Em Pedagogia da autonomia, a “rigorosidade metódica” está posta como
o primeiro saber necessário à prática educativa, antecedendo criticidade, ética
e estética, alegria e apreensão da realidade, entre outros. Pode-se ver nisso a
preocupação de Freire em indicar para os educadores que sua atividade está
investida de um compromisso ético-político que não pode ser dissociado do
testemunho de vida pessoal e da competência profissional. O adjetivo
“metódica” expressa a insistência de Freire no sentido de que o ensinar não se
esgota na abordagem de um conteúdo, mas se alonga na preocupação com as
condições de uma aprendizagem permanente.

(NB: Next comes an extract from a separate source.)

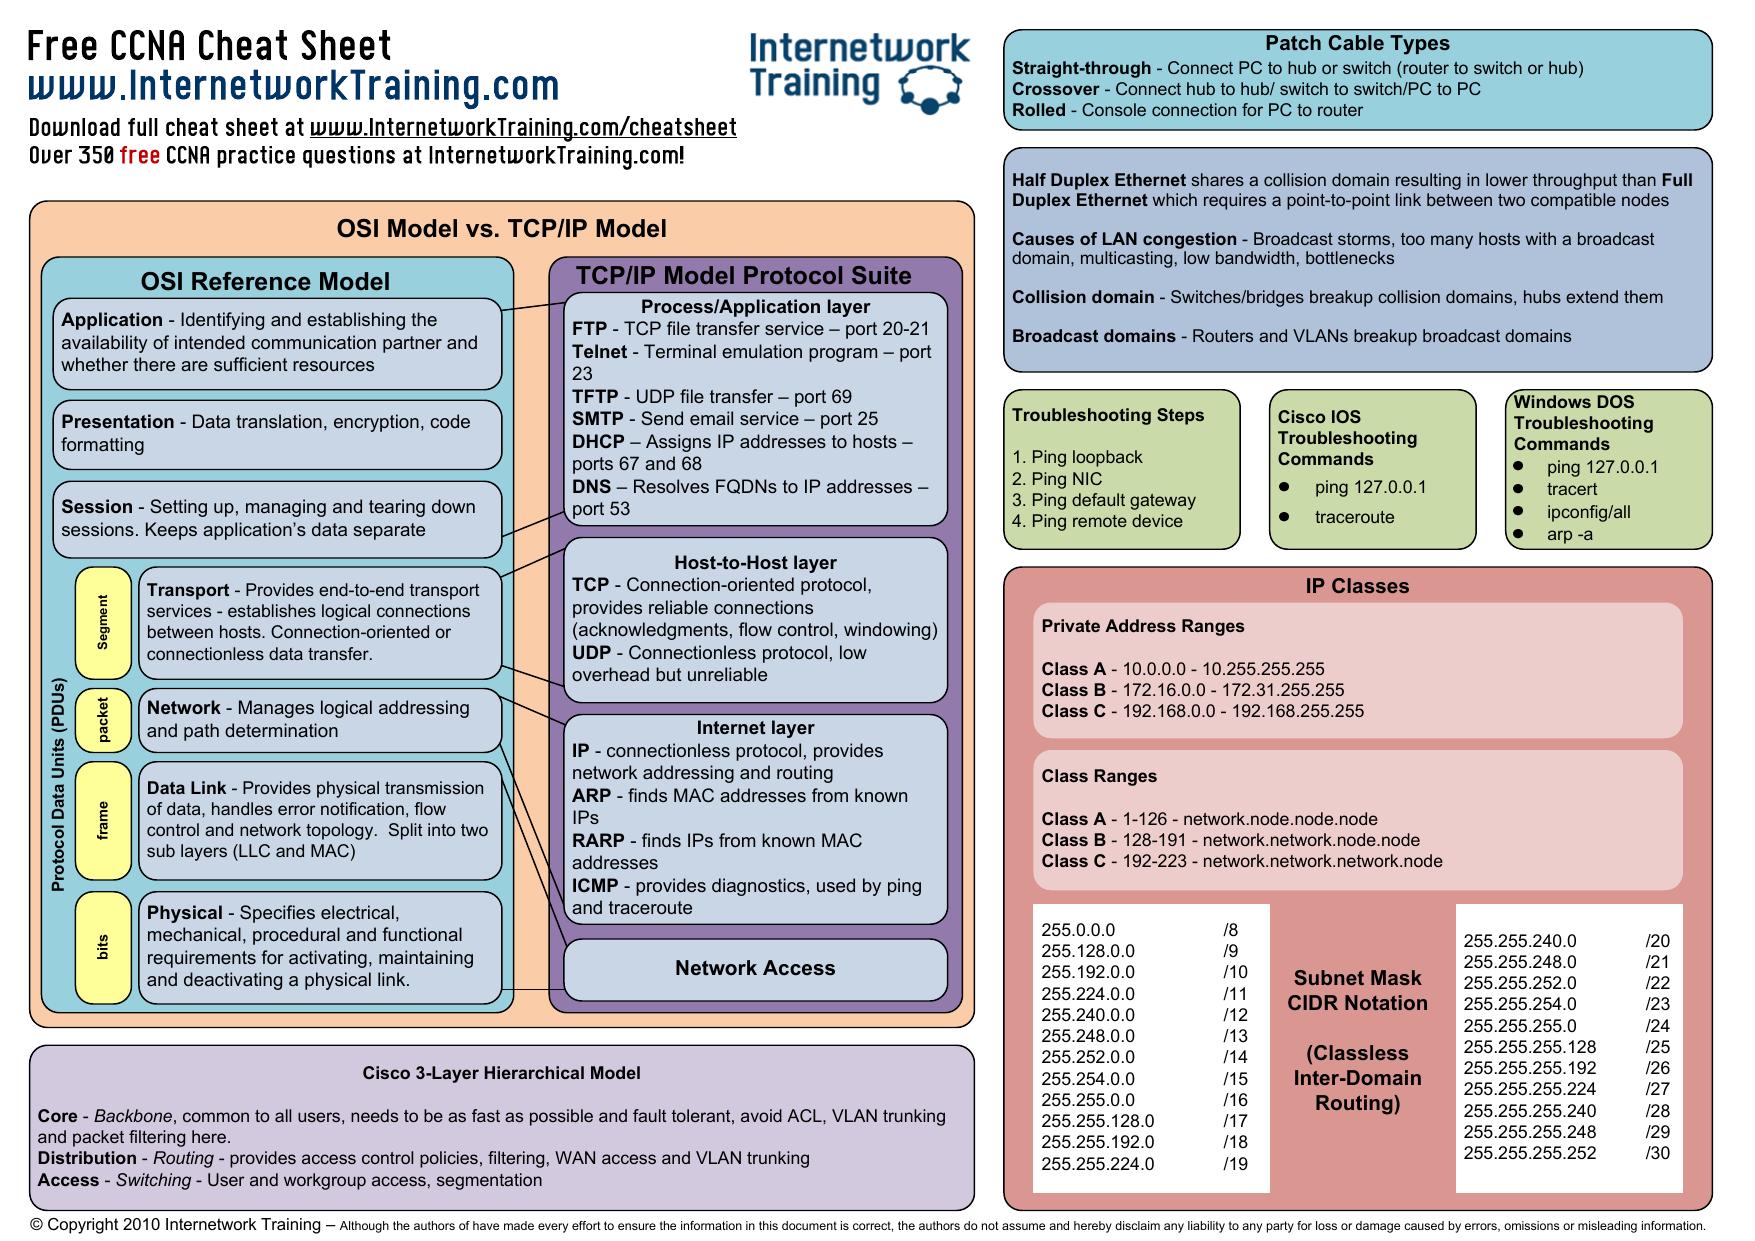 CCNA cheat sheet - Internetwork Training
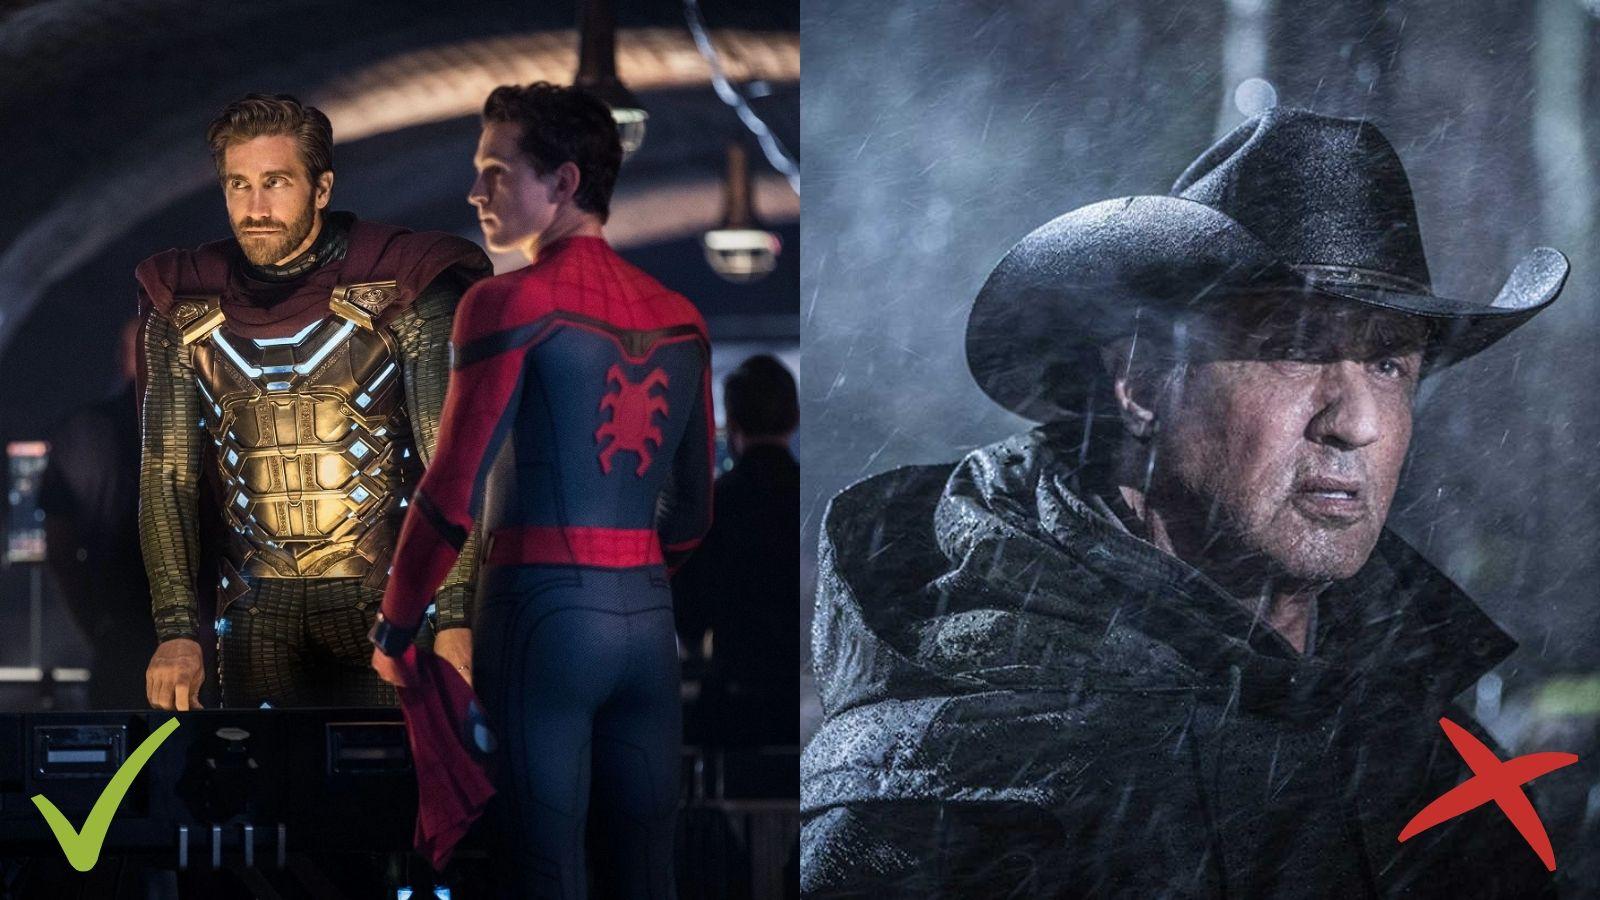 Spider-Man: Far From Home, Rambo: Last Blood, Zirnekļcilvēks: Tālu no mājām, Rembo: Pēdējās asinis

Sinaliza também o fato de que
se transformar em sujeito do processo de aprender exige disciplina, esforço e
permanente autovigilância com relação ao “pensar certo” e ao “ensinar
certo”. Em suas palavras: “Só, na verdade, quem pensa certo, mesmo que, às
vezes, pense errado, é quem pode ensinar a pensar certo. E uma das
condições necessárias a pensar certo é não estarmos demasiado certos de
nossas certezas” (FREIRE, 1996, p. 30).
O tipo de rigorosidade de Freire pode ser visto na forma como trata os
temas. Há uma aproximação amorosa do objeto a ser compreendido, de
vários ângulos, numa abordagem inter(trans)disciplinar. O compromisso não
é com determinada teoria a ser “comprovada”, mas com o desvelamento da
realidade que, por mais competente que seja o exercício, será sempre maior
que a capacidade de apreendê-la. Há, na teoria freiriana, a libertação de uma
rigorosidade que transforma os meios em fim, tornando-se muitas vezes um
obstáculo para a compreensão da realidade (STRECK, 2001, p. 122). Essa
maneira de lidar com teoria e com autores, torna impossível enquadrar Freire
em determinada corrente de pensamento filosófico ou pedagógico. As notas
de rodapé de Pedagogia do oprimido talvez sejam o melhor exemplo de
como ele lida com as suas fontes: Marx aparece ao lado de um camponês e de
Che Guevara, Erich Fromm junto com Albert Memmi ou Franz Fanon, Karl
Jaspers ao lado de Hegel. Há o entendimento tácito de que a realidade é
complexa e que a rigorosidade consiste na utilização de todos os instrumentos
disponíveis para capacitar os sujeitos a mudá-la. Essas escolhas, no entanto,
também não são aleatórias. Elas estão fundadas em princípios éticos e em
opções políticas que têm como horizonte o ser mais.
Referências: FREIRE, Paulo. Pedagogia da autonomia: saberes necessários à prática educativa.
São Paulo: Paz e Terra, 1996; FREIRE, Paulo e SHOR, Ira. Medo e ousadia: o cotidiano do professor.